Wednesday, February 22, 2006

Wednesday is No Ship Day

Usually. But not lately. There's a ship in port every Wednesday this month. Oddly, there are none in port on Saturdays. Maybe Saturday is the new Wednesday.

Wednesday used to be the day that the ferry from Fort Myers would bring in a boatload of visitors from the area around there. I think that it was because of the Mallory and Hilton docks, and the outer mole, being vacant that the savvier day-trippers chose that day. It meant they could stroll leisurely about without having to deal with an overcrowded Duval St. The Fort Myers ferry is a passenger-only vessel (thankfully!). So those coming off the ferry at the new City Ferry Terminal at the end of Caroline St. make transportation choices that don't involve automobiles. There are bicycles, motor scooters and electric cars available. Taxis and the public bus system are very nearby. Walking is an easy and attractive option. A stroll along the Key West bight can carry you as far as the Hilton Pier beyond Mallory Square, with occasional detours around some of the resorts that planted on the Gulf-side waterfront. There are restaurants galore, bars, shops, as you walk past the lower end of Duval St continue along the water, or the temptations of Duval St. itself, thirteen full blocks of unabashed commerce.

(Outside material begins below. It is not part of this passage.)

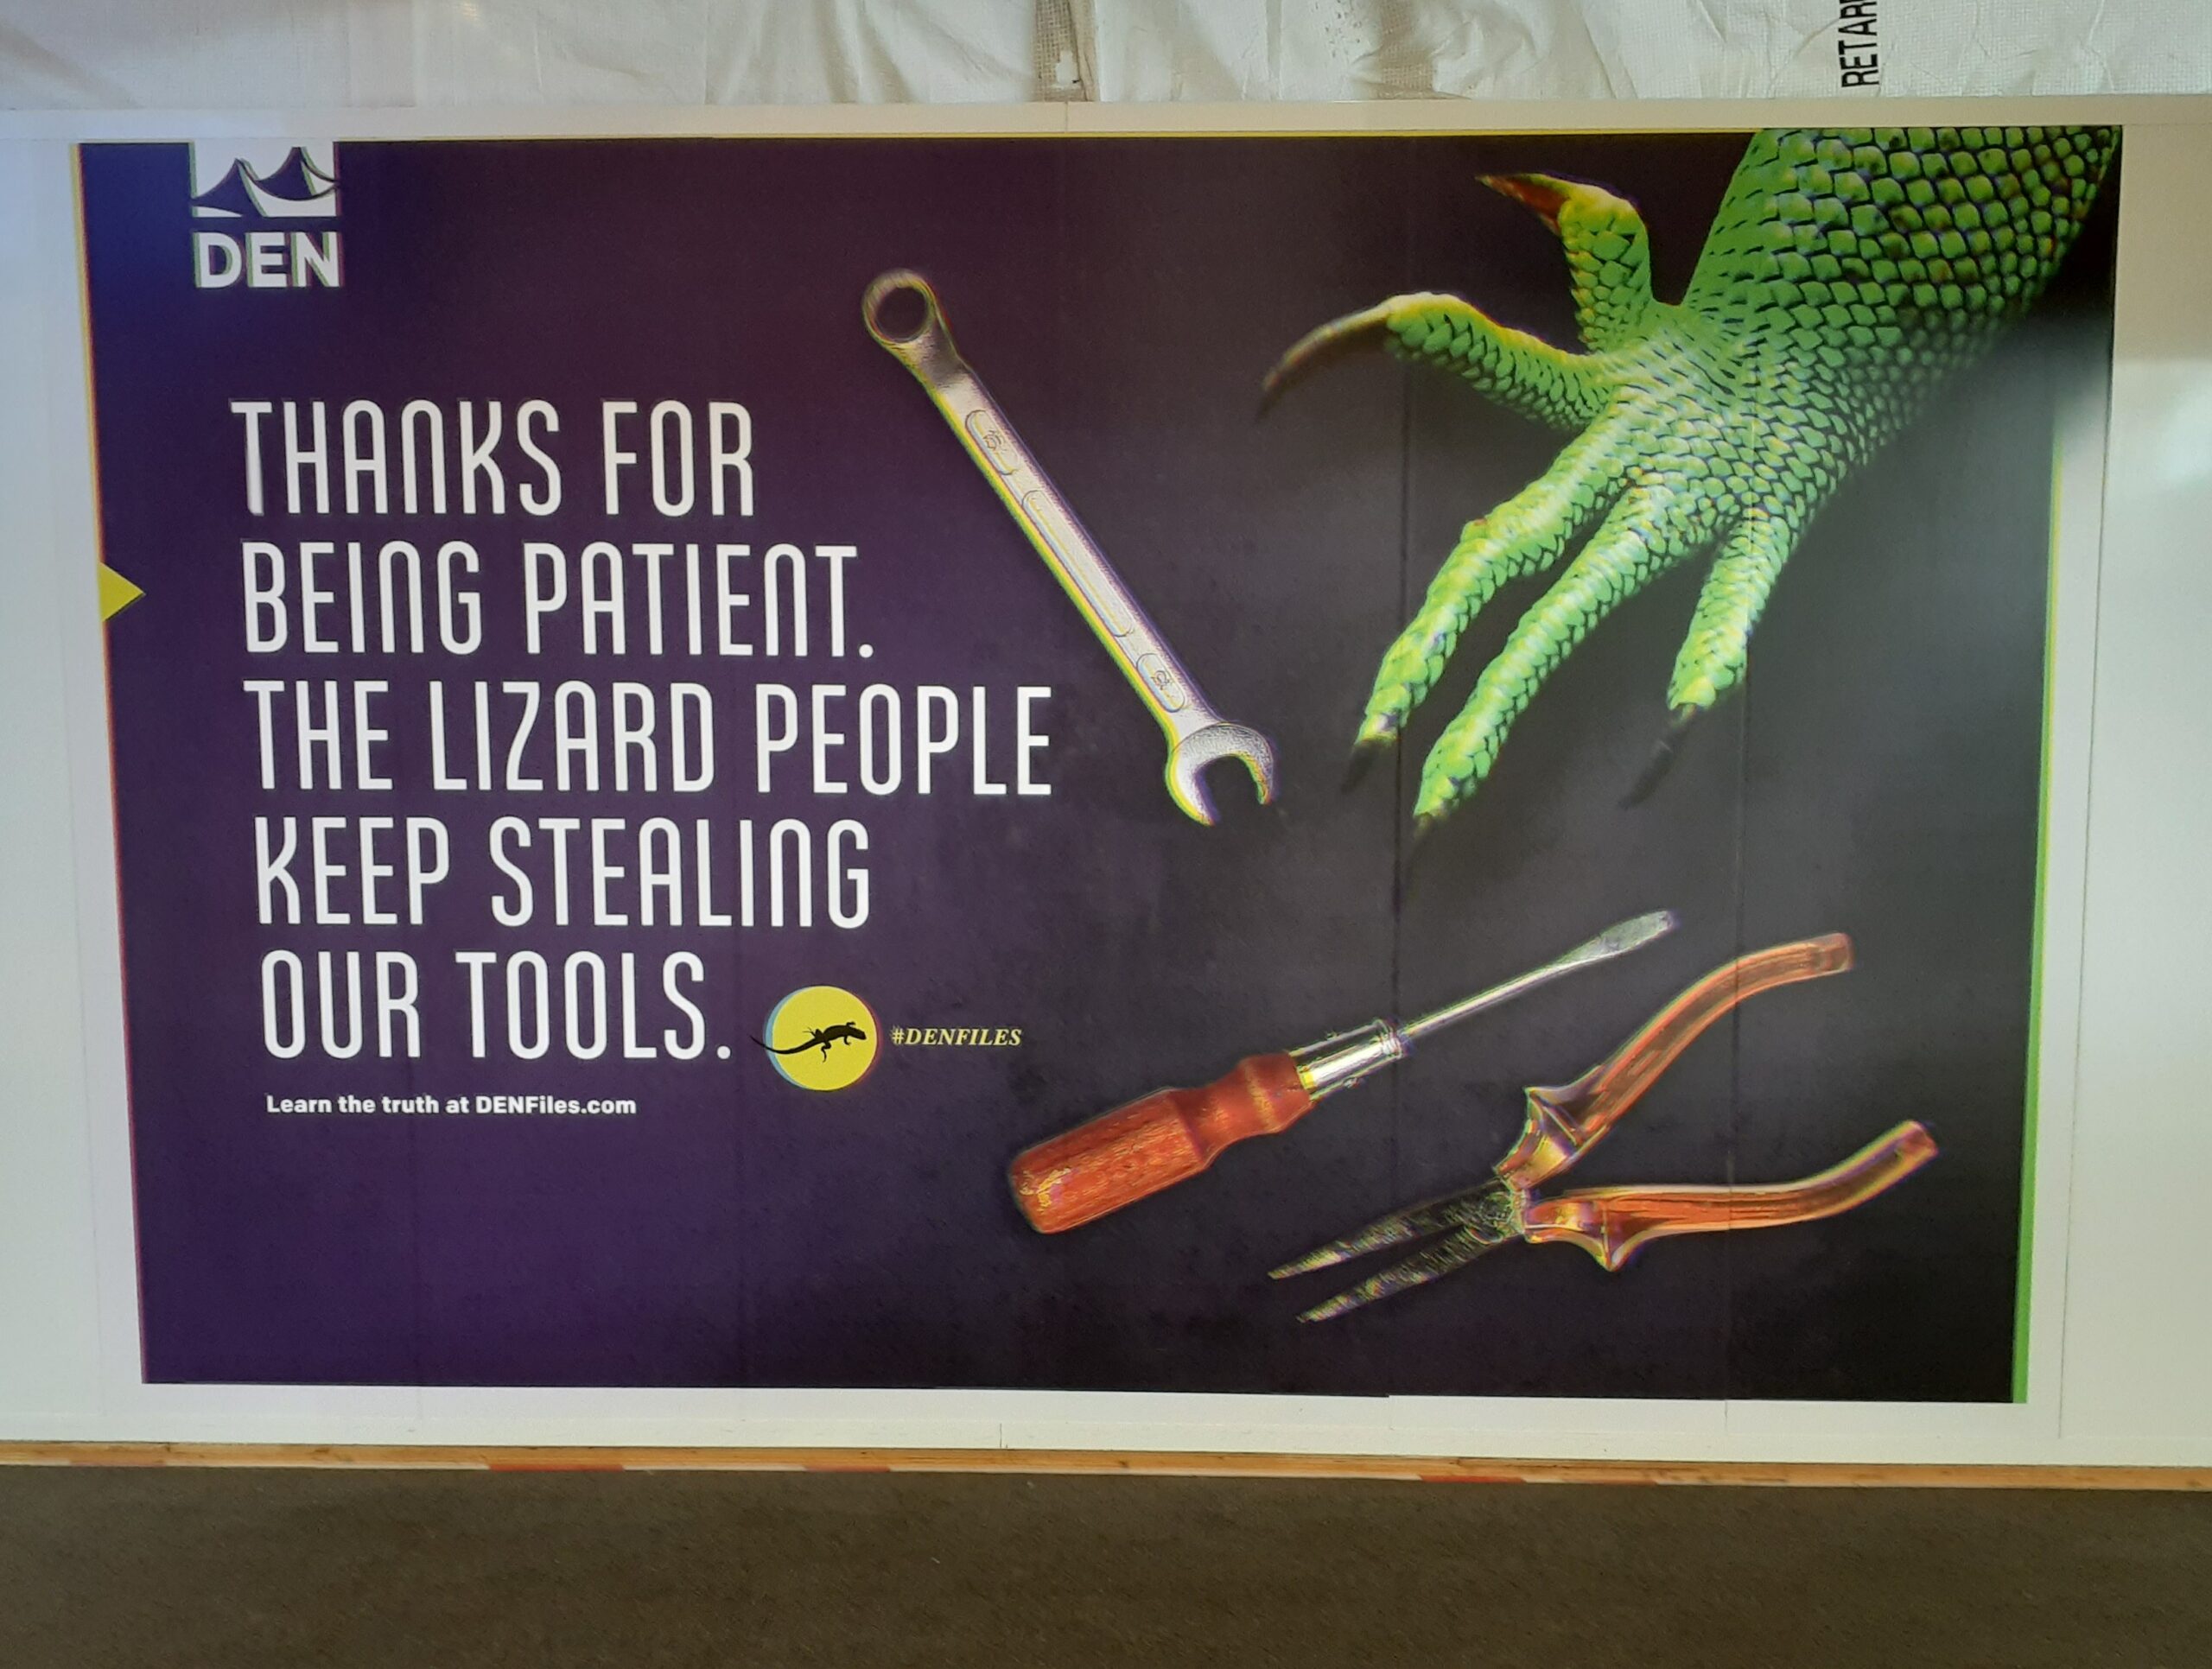 a wrench screwdriver and pliers are on the floor and a lizard hand is grabbing at them. Text reads "thanks for the patience the lizard people keep stealing our tools." #DENFILES
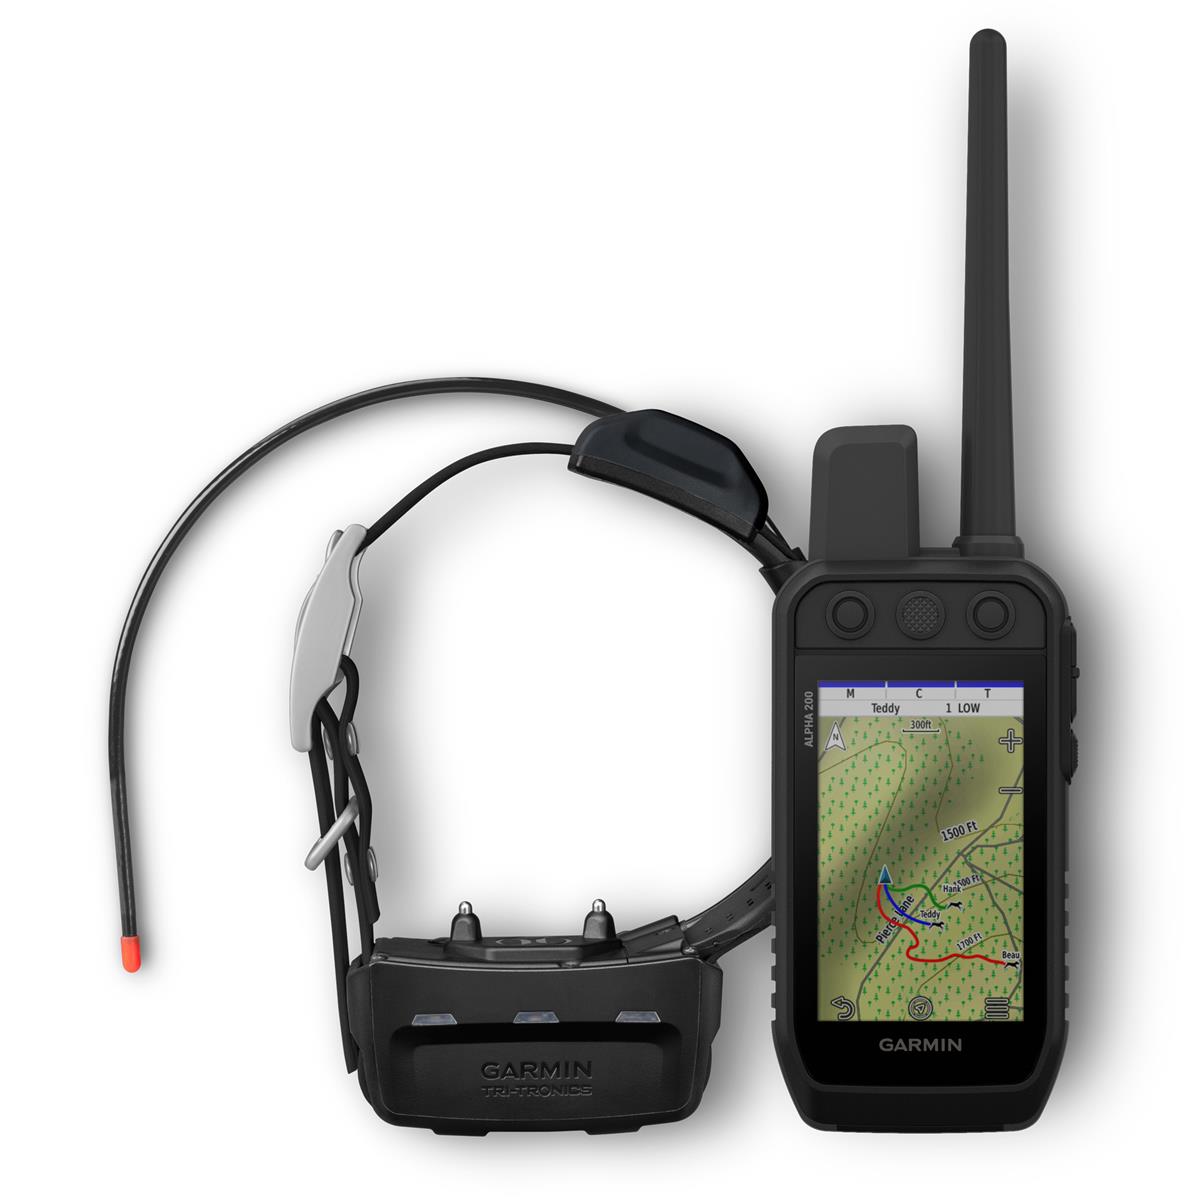 Image of Garmin Alpha 200 Handheld Multi-Dog Tracker and Trainer with TT 15X Dog Device

I was thinking about these things as I bicycled to the Coffee Plantation. Traffic on the streets was relatively light. Traffic was brutal yesterday. I had to take the car instead of my bicycle, so maybe I was just more aware of it, but it felt like there were real traffic jams going on in several places. The cars were maneuvering their way through the typical obstacle course of double parked delivery trucks, creeping trollies and trains, jay-walking pedestrians, long traffic light patterns, strolling roosters, and everything else.

Merchants, especially merchants of higher-end items, liked Wednesday because it usually brought in more buyers and fewer browsers. The area from which they come is typically wealthier than other parts of Florida -- think Marco Island.

We love our tourists, all of them. We, some of us, like the tourists who walk, who spend, and who like us how we are. And that's no ship.